Emulating Python's zip function with variadic input

Hello, first post here, and I'm quite new to Racket. I searched the above question in previous answers but didn't find anything.

What I'm trying to achieve: basically a for/list with a variadic input.

Example:

(define (a '(1 2 3)))
(define (b '("x" "y")))
(define (zip . rest)
    ...)
> ((1 "x") (2 "y"))

But with a variable amount of inputs.

I've tried rolling my own recursive functions that emulate for/list and seeing if map or apply could help, but none seem to work.

I'm sure there's a package out there that can solve my problem, but I'd like to figure this out.

Feel free to correct me on any posting mistakes I may have made

#lang racket

#; {∀ (X ...) [Listof X] ... -> [Listof [Listof X]]}
(define (zip . rest)
  (cond
    [(ormap empty? rest) '()]
    [else (cons (map first rest) (apply zip (map cdr rest)))]))

(module+ test
  (require rackunit)

  (define a '(1 2 3))
  (define b '("x" "y"))
  (define expected '((1 "x") (2 "y")))
  (check-equal? (zip a b) expected))

It would be easier to give suggestions if you could share some of your non-working attempts, so we could suggest changes for you to consider.
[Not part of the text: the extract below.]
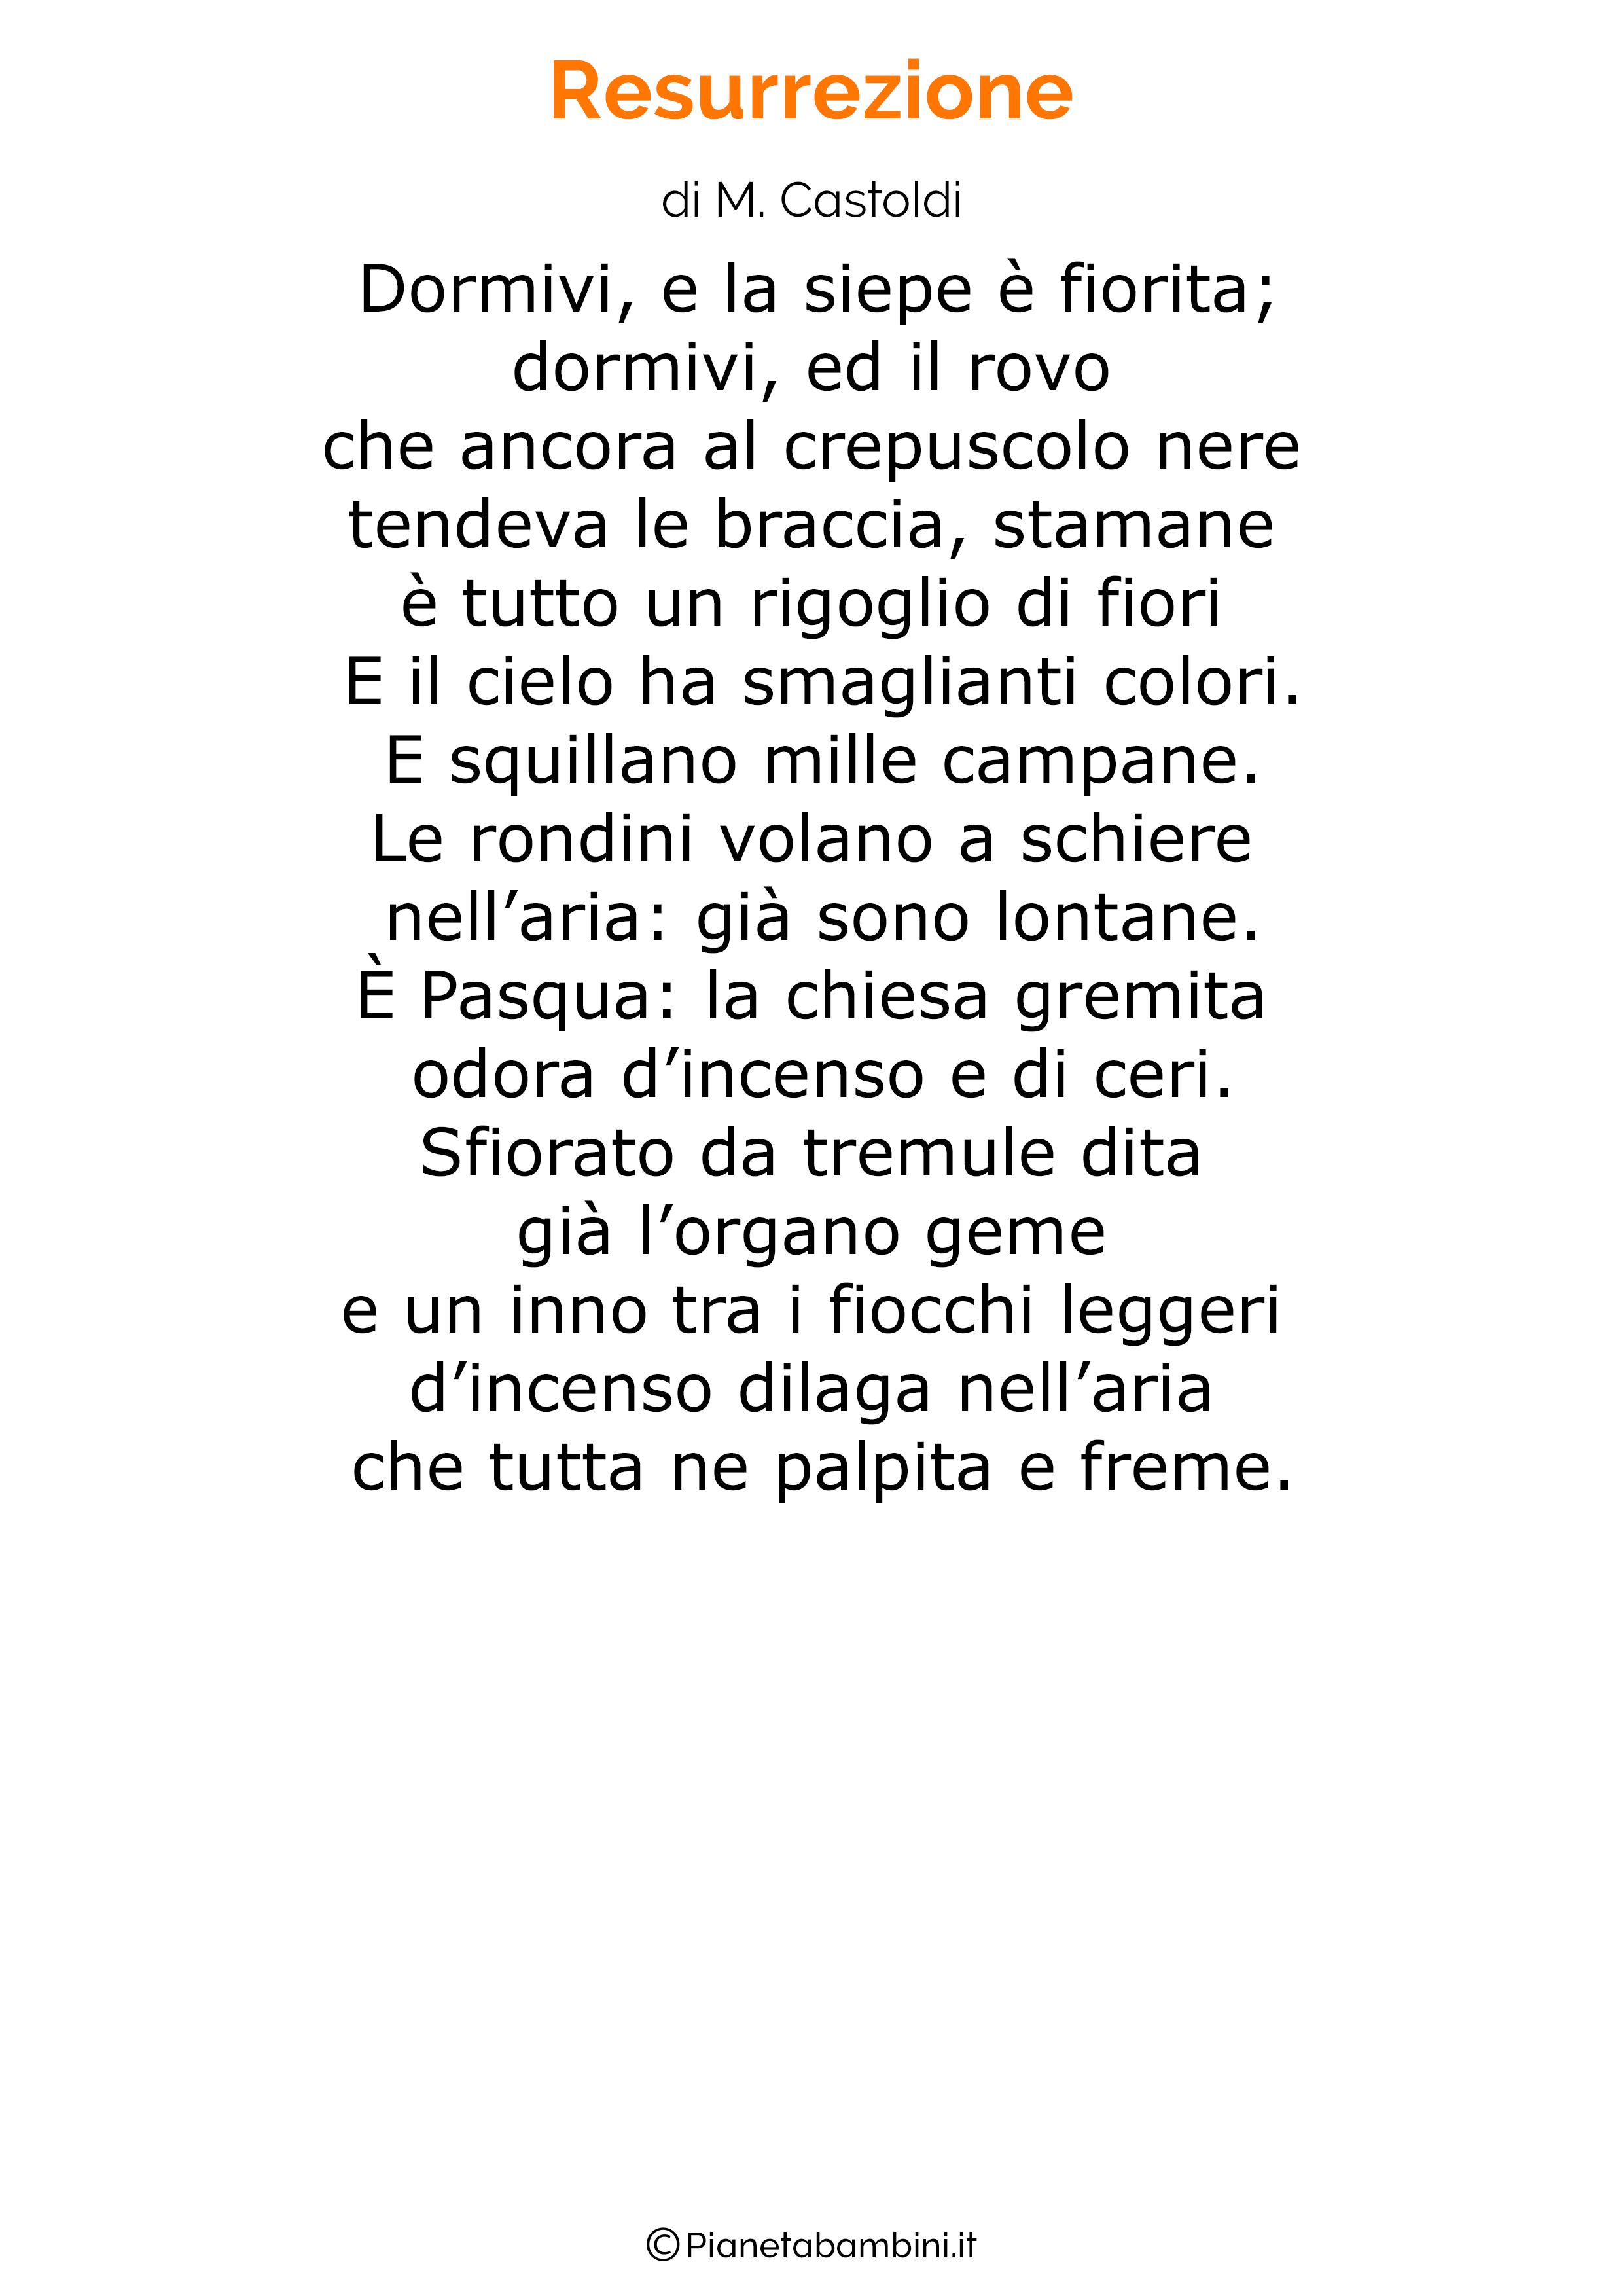 Poesia di Pasqua 38

Since you mentioned apply, one thing I noticed when working out a solution for myself was that the somewhat “magic” way multiple arguments are transformed into a list adds an extra dimension to think about. It might simplify things to break down the problem this way:

(define (zip . rest)
  (zip-list-of-lists rest))
(define (zip-list-of-lists list-of-lists)
  ...)

It would be easier to give suggestions if you could share some of your non-working attempts, so we could suggest changes for you to consider.

Having come from imperative langugages I started using the for loops when I couldn't figure out the apply with recursion. Here's the non working imperative version. for/list was really close to what I wanted so I figured I could somehow inject what I needed into it.

(define (variadic2 . in)
  (define out empty)
  (for ([z (in-range (length (car in)))])
    (for ([x (in-range (length in))])
      (append (list (list-ref (list-ref in x) z)) out )))
  out)

I deleted my recursive attempts, but will try again.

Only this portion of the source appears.